_YOUR GOAL_
Pictures found in the material must be left out, and every line returned as written.

_GIVEN INFORMATION_
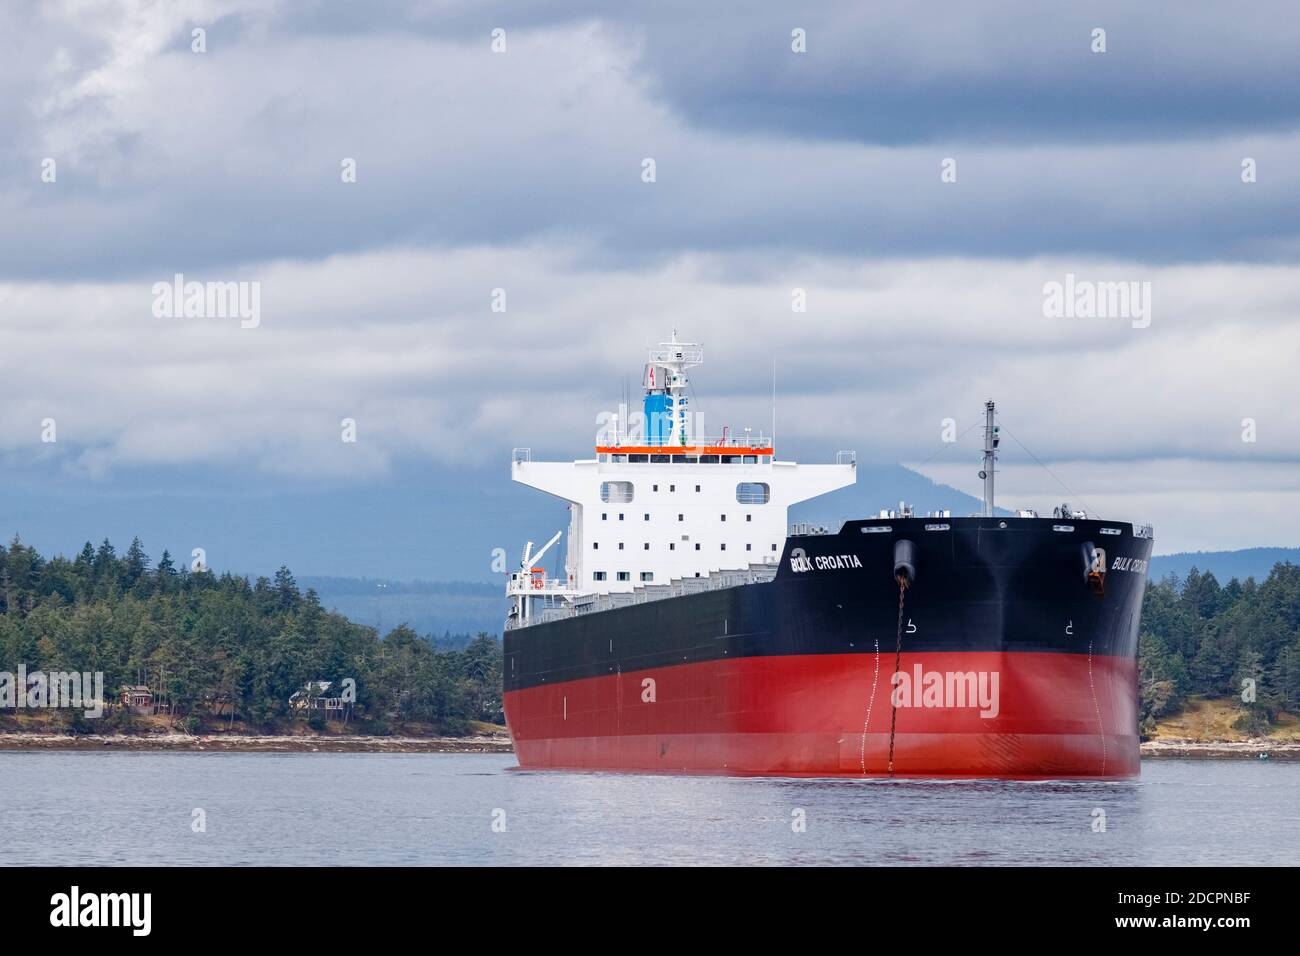 Ancré juste au large de l'île de Thetis, en Colombie-Britannique, le cargo de 228 mètres de long « Bulk Croatia » surplombe le rivage, semant la colère locale et la controverse. Banque D'Images
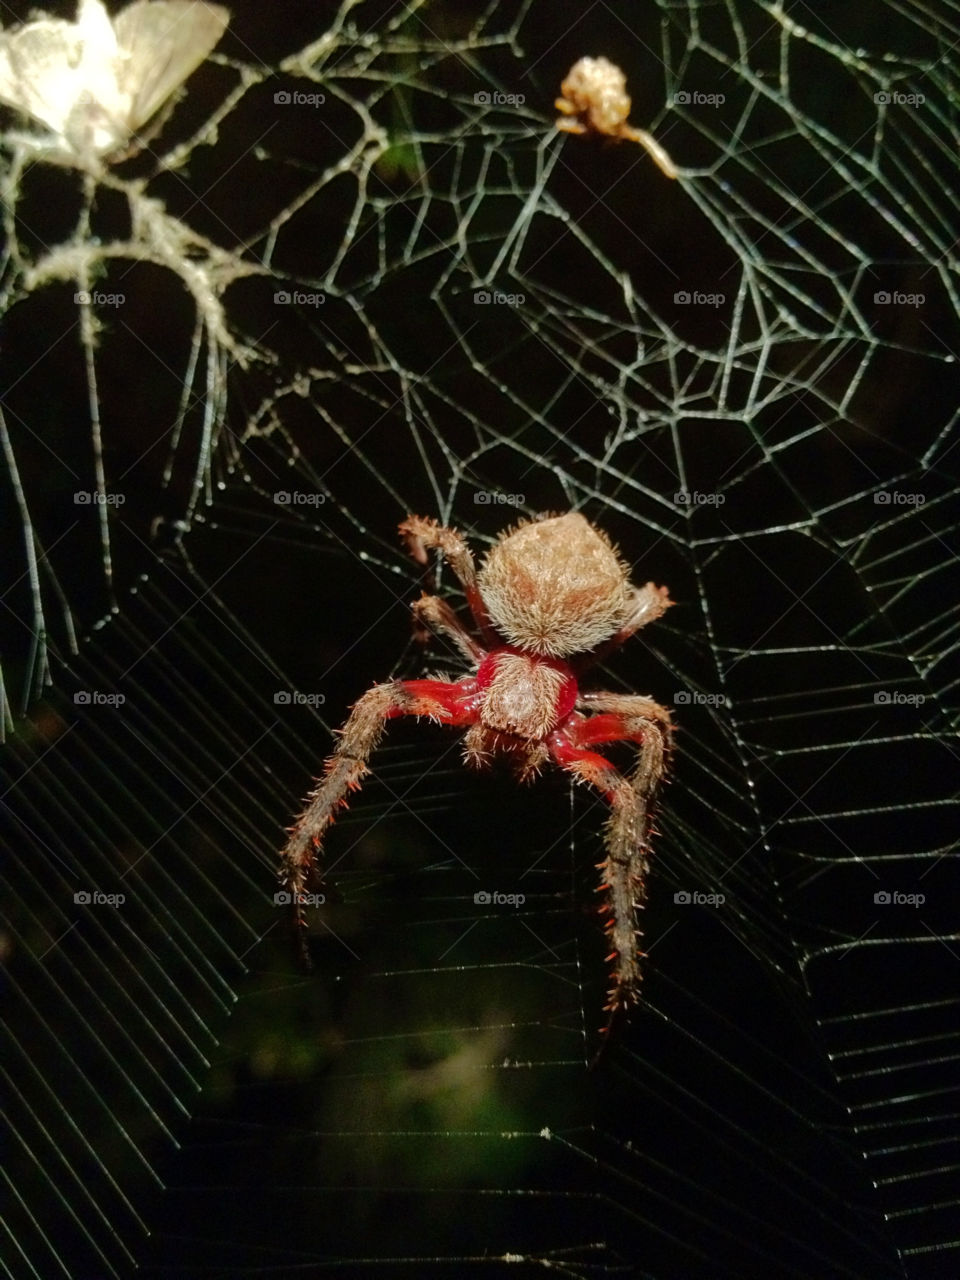 wolf spider spider in web spider closeup web by gdyiudt
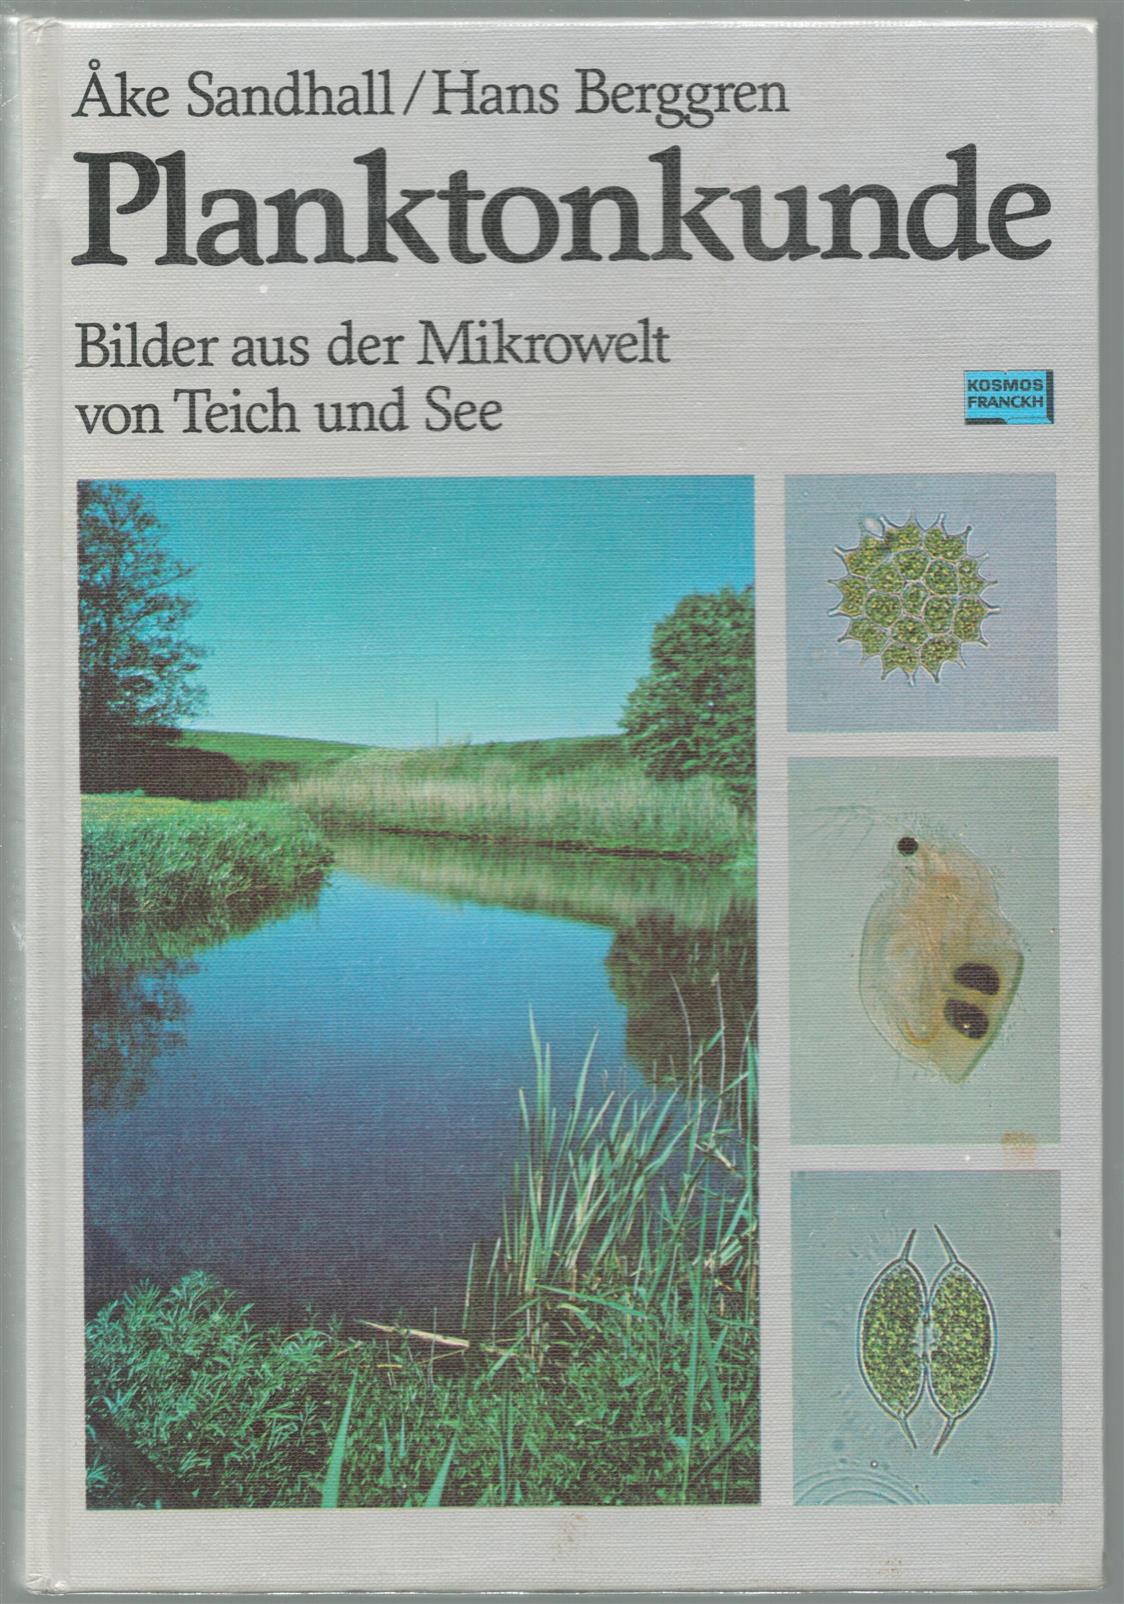 Hans Berggren - Planktonkunde: Bilder aus der Mikrowelt von Teich und See.
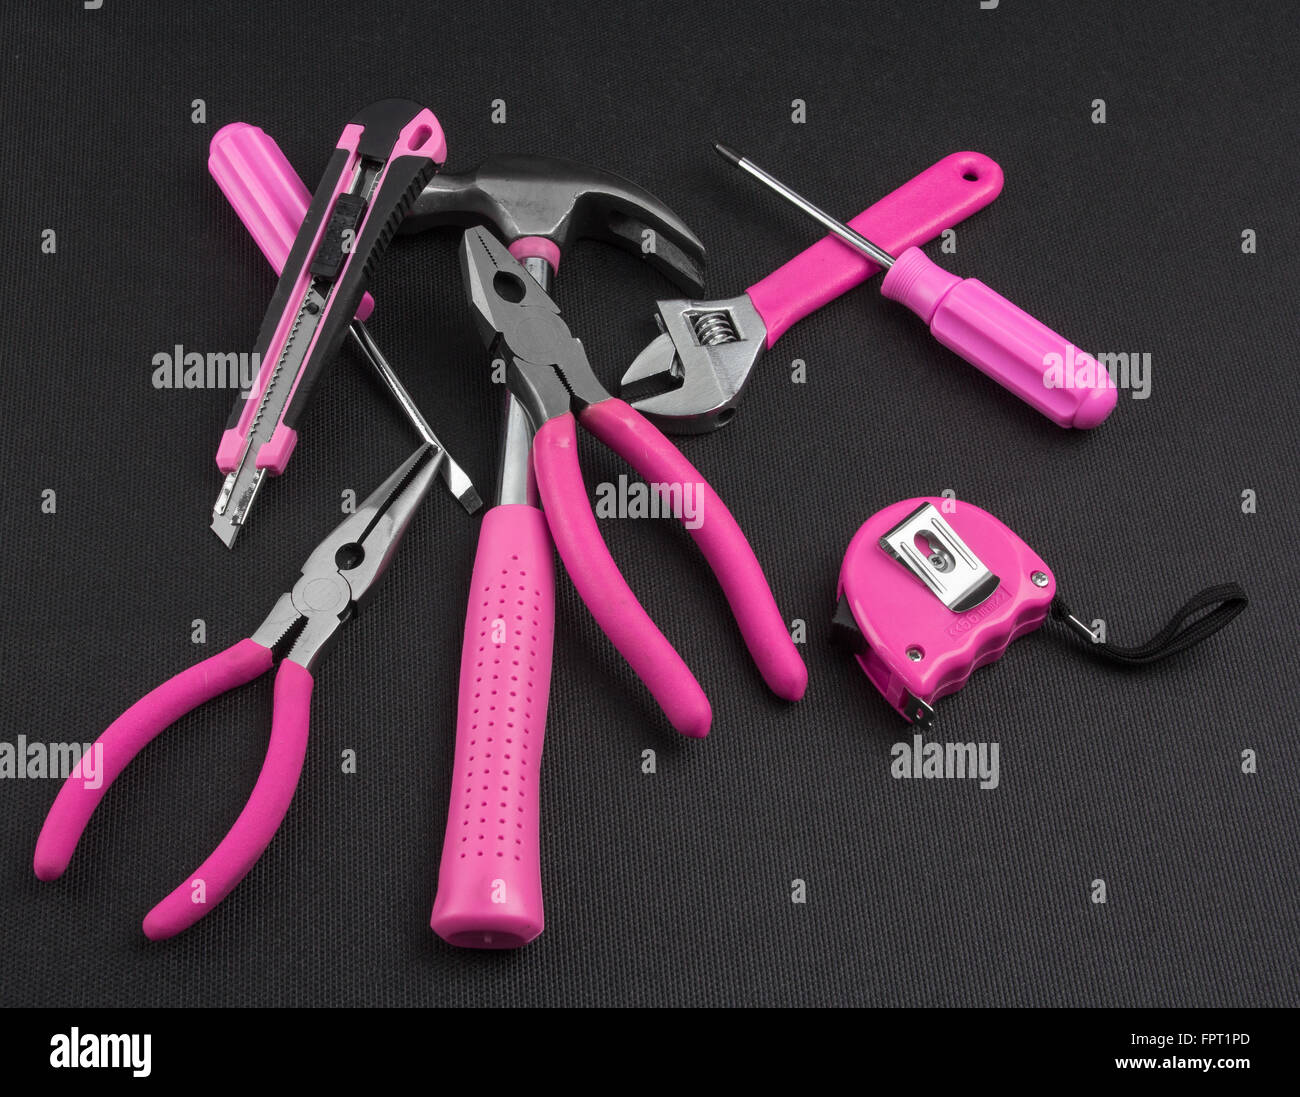 Stapel von praktischen Tools mit rosa Griffe Stockfoto

_WRITTEN SOLUTION_
 Ancré juste au large de l'île de Thetis, en Colombie-Britannique, le cargo de 228 mètres de long « Bulk Croatia » surplombe le rivage, semant la colère locale et la controverse. Banque D'Images
 wolf spider spider in web spider closeup web by gdyiudt
 Hans Berggren - Planktonkunde: Bilder aus der Mikrowelt von Teich und See.
 Stapel von praktischen Tools mit rosa Griffe Stockfoto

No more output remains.